Uber Gets Approval to Resume its Self-driving Car Testing in Pennsylvania

Self-driving Car Testing

Uber Technologies Inc. received a green light from Pennsylvania officials this week to resume its self-driving car testing on public roads. Nine months ago, the program was suspended, following an accident which killed a pedestrian in Tempe, Arizona.

An Uber spokeswoman said on Tuesday it had not restarted the self-driving car testing. According to The Information, Pennsylvania’s Department of Transportation (PennDOT) approved Uber’s request –made last month – to begin testing autonomously in Pittsburg, where the company’s Advanced Technologies Group is headquartered.

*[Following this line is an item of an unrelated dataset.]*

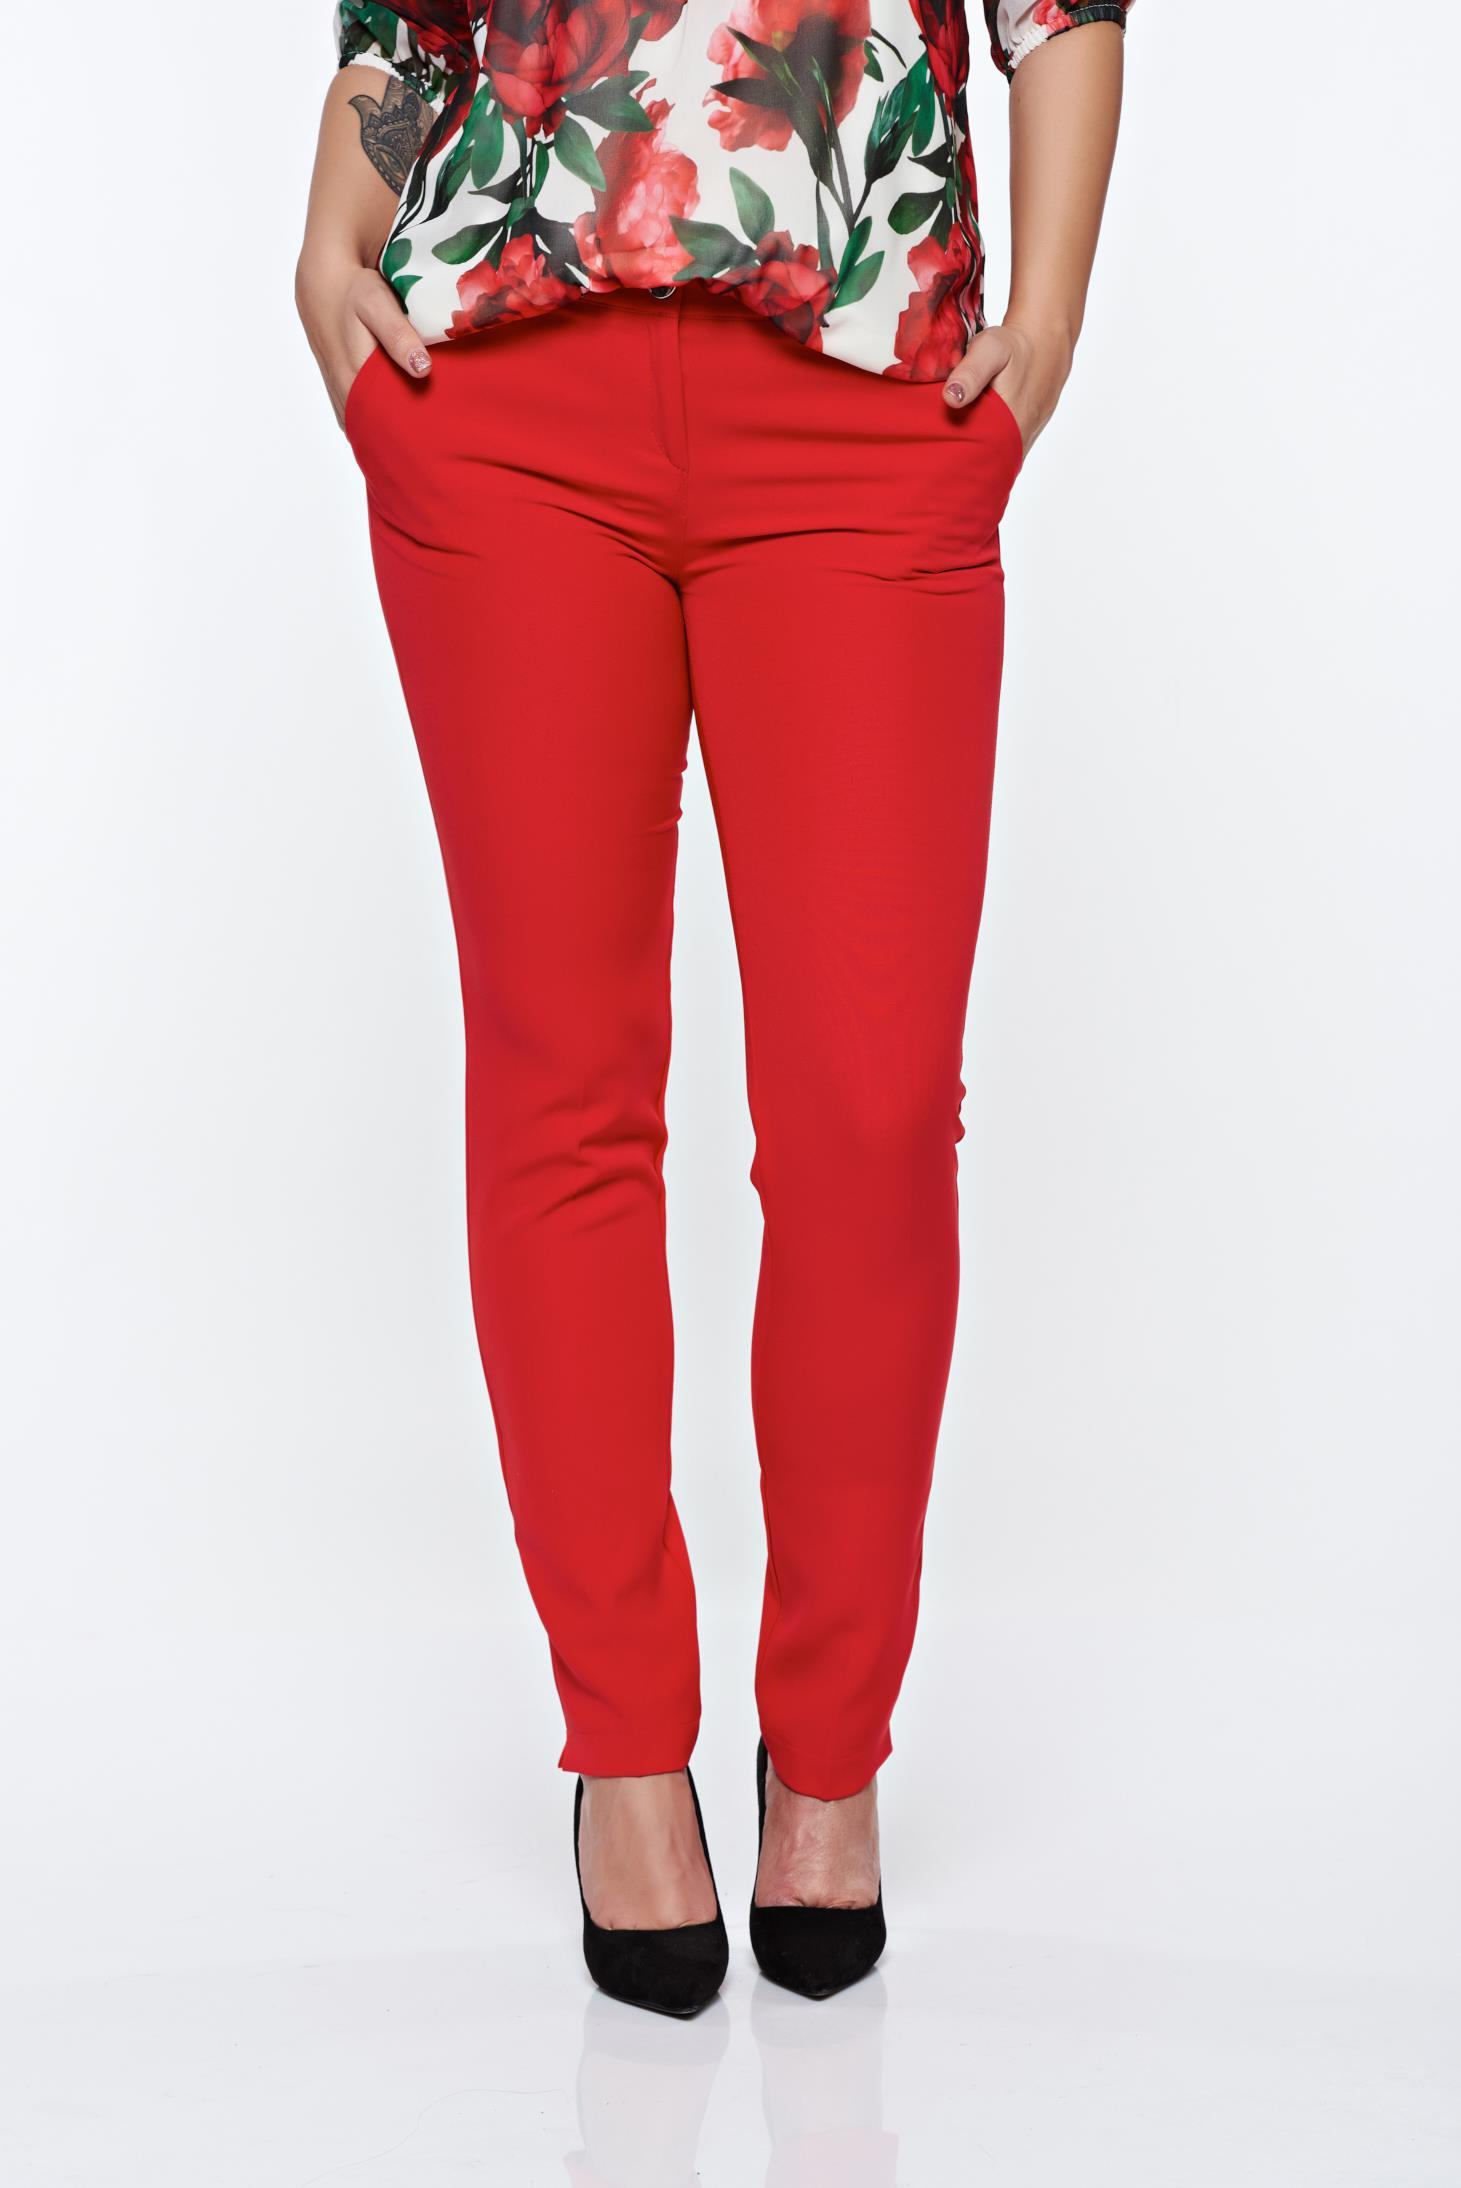 368a8daeb8 Piros PrettyGirl elegáns kónikus nadrág zsebes enyhén rugalmas anyag

Last month, Uber was seeking permission from Pennsylvania and said that when it resumes the testing, it will enable automatic braking system at all times, have two employees in the front seat, and more strictly monitor safety drivers.

Earlier this month, Reuters reported that after receiving the approval from the Pennsylvania officials, the company planned to start driving a handful of cars on a mile loop between its two headquarters in Pittsburg, citing spokeswoman Sarah Abboud.

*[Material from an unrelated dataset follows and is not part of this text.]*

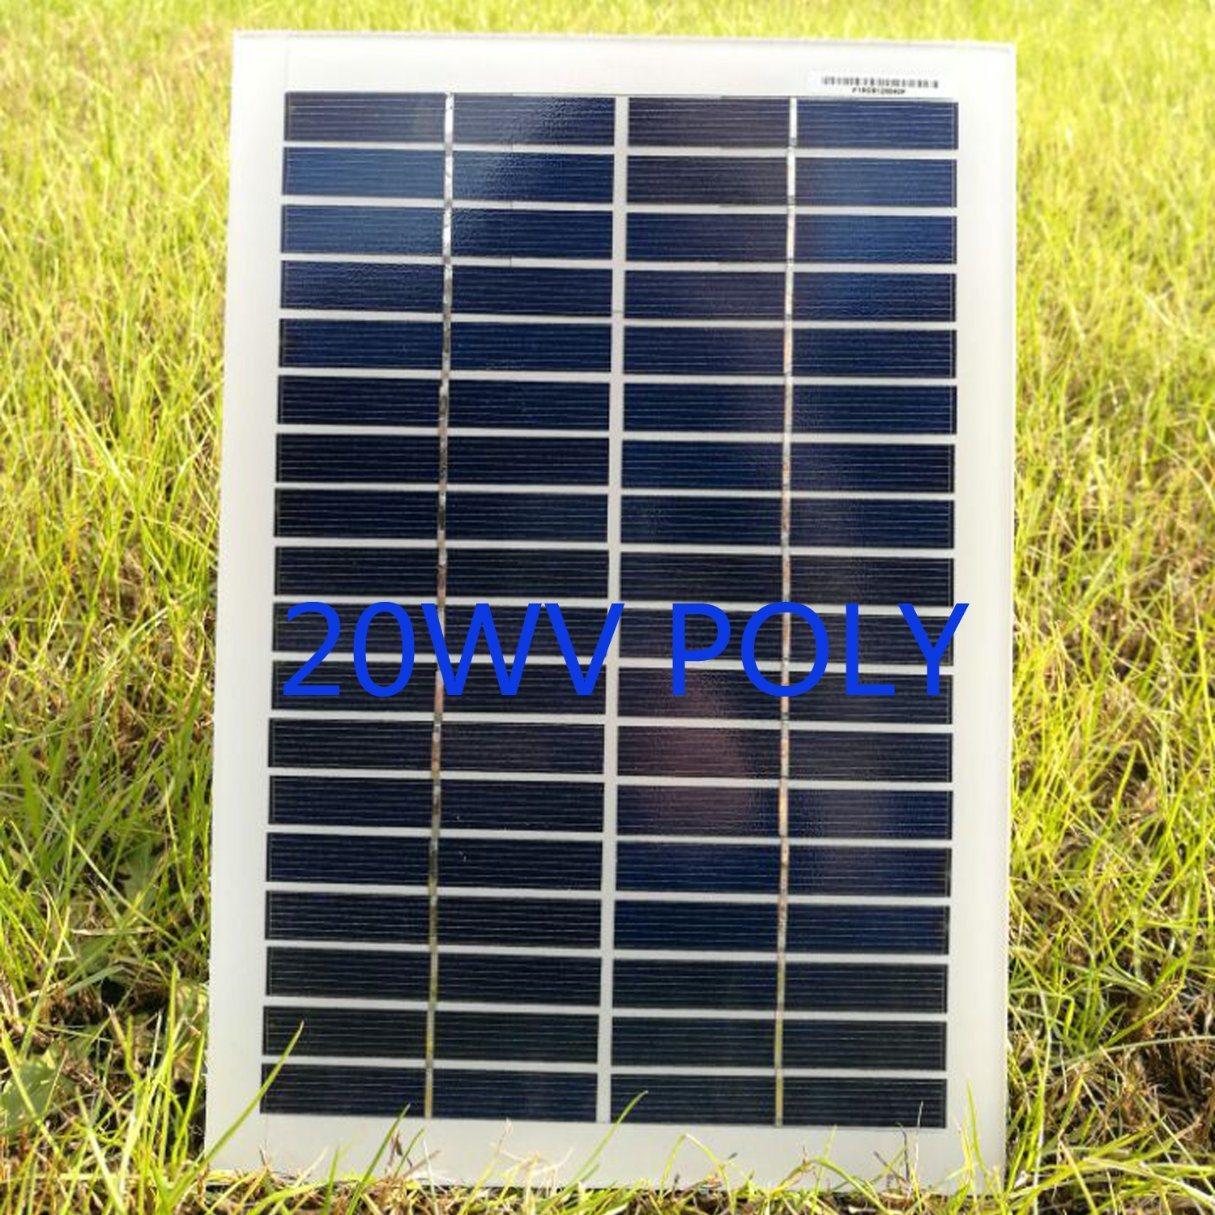 30W High Efficiency Solar Panel for Street Lighting

According to Reuters news, Uber’s re-launch of the self-driving cars is a dramatic downsize from its earlier operation. In the past, it had unleased autonomous vehicles at high speeds on public roads crowded with pedestrians, in the night with only one backup driver in the front seat.

This time, Abboud said that the self-driving cars will not be driven after dark and in wet weather, and the speed will not exceed 25 miles per hour. Now, the company has no plans to restart picking up passengers in the autonomous cars, a service it started in 2016.

In March, authorities in Arizona had suspended Uber to test its autonomous cars on the public roads, after one of the cars hit and killed a pedestrian crossing the street at night in the Phoenix suburb of Tempe, where the company’s largest testing hub is headquartered. Following the accident, Uber had voluntarily halted its entire self-driving car testing programme.

In July, PennDOT issued a safety guidance for highly automated vehicles, which directs the self-driving companies to submit a ‘notice of testing’. The state said it will gather the data on a semi-annual basis including the approximate miles the autonomous vehicles travelled on the streets of Pennsylvania. Around this time, Uber’s autonomous cars resumed to Pittsburg’s streets, though in manual mode.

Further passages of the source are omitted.